I’m honored to welcome a fellow Birmingham blogger to guest post for me today on My Life Well Loved. Ashley from The Hill Hangout is sweet, fun and has a really friendly smile. She’s the type of southern gal you want to have as your friend. I’ll let her take it away to introduce herself! (Find Ashley on Facebook, Pinterest or her blog.)
I’m Ashley, the chief cook and bottle washer around here. I’m married to Jonathan, a great guy who loves the Lord, loves his family, and pretty much lays down his life for us daily. Yep, he’s a keeper. Together we have two little girls, Mary Anneliese (12) and Patterson (6). They are full of life and giggles and are the heartbeat of our home.
Omelettes are a big hit around here because everybody can get it their way. Jonathan takes his loaded with protein – 2 eggs with sausage, bacon, cheese. I like mine with veggies – mushrooms, green onions, red bell pepper, spinach. MA takes hers with sausage and cheese. PattiGirl is cheese only. The only downside to making omelets is that my electric skillet, which is my preferred method for making them, can only make one at a time. Hmm, what to do?
One day as I was perusing Pinterest, I came across the brilliant idea to make them in a muffin pan. Not sure why I hadn’t thought of it before, but it has saved me so much time and given us a way to get a nice, fresh omelette muffin on the go. If I’m doing them during the week, I usually chop ingredients the night before and have them ready to go to save time.

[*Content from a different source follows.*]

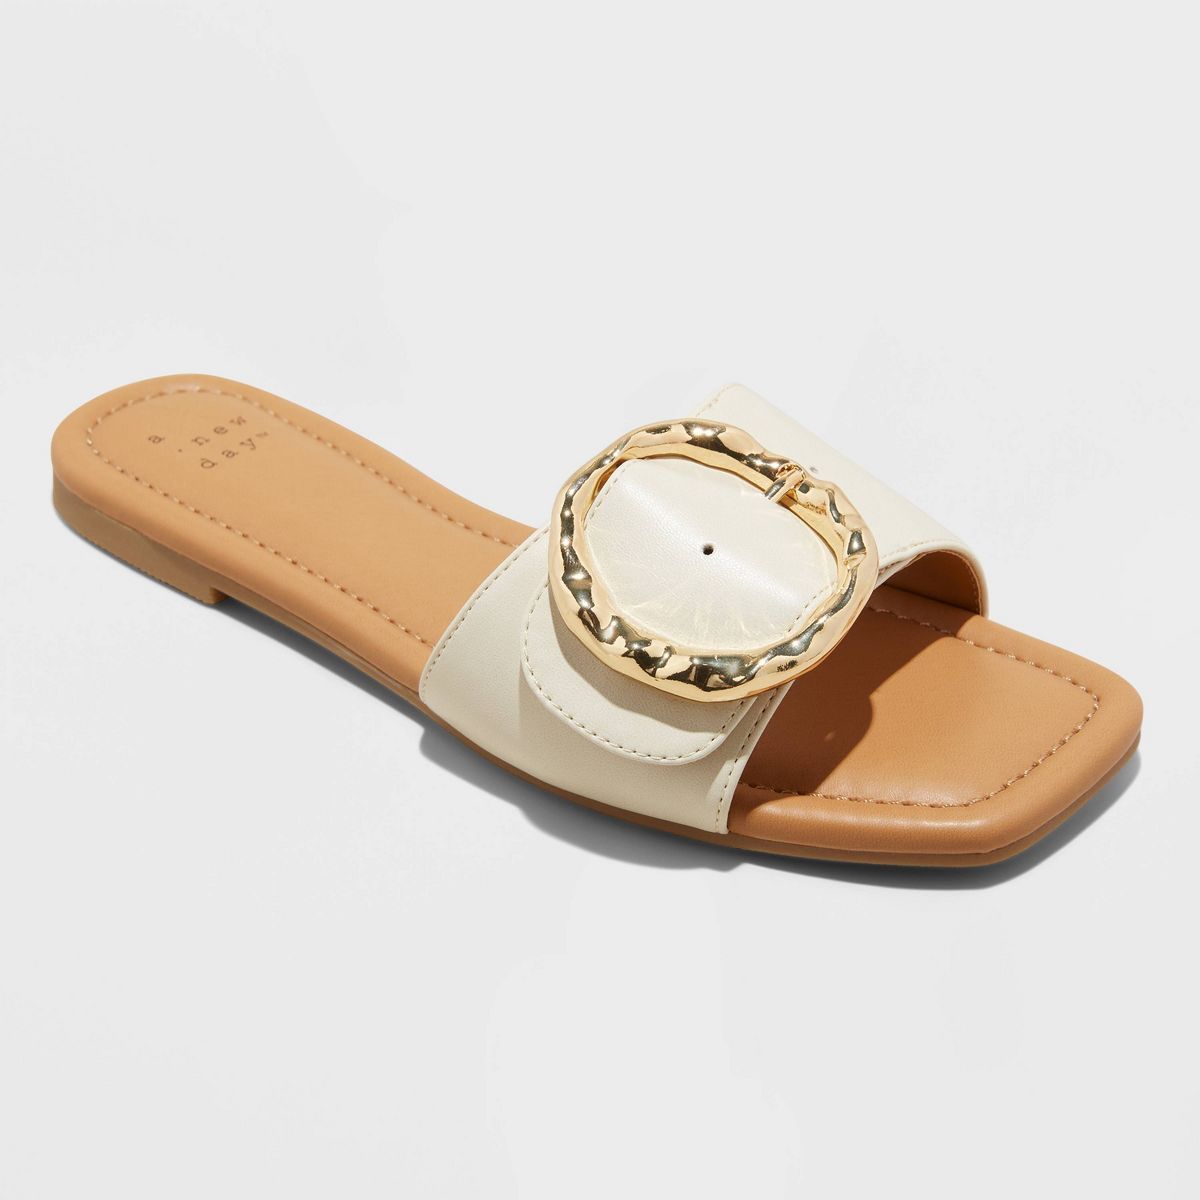 Women's Bennie Buckle Slide Sandals with Memory Foam Insole - A New Day™ Cream 5.5 | Target

The best thing about omelette muffins is that you can pack them with tons of healthy, nutritious ingredients that Mom approves.
There are any number of combinations you can combine from your Omelette Muffin Bar! I love a Greek omelette with black olives, feta, red onions, and parsley. My girls enjoy the pizza style with pepperoni and mozzarella (and I throw in a sun-dried tomato or two). The ham, broccoli, and cheddar combo makes a great quiche-like dinner muffin.
Put the veggie/meat/cheese ingredients in your muffin cup (which you’ve sprayed with cooking spray) and add one scrambled egg per cup.
Bake them on 375-400 degrees for 15-20 minutes or until the egg is firmly done in the center. Serve with a side of fruit and piece of toast or biscuit and you’re good to go.
I’d love to hear which combinations you’d make using the ingredients above? Any other ingredients you’d recommend? Please share.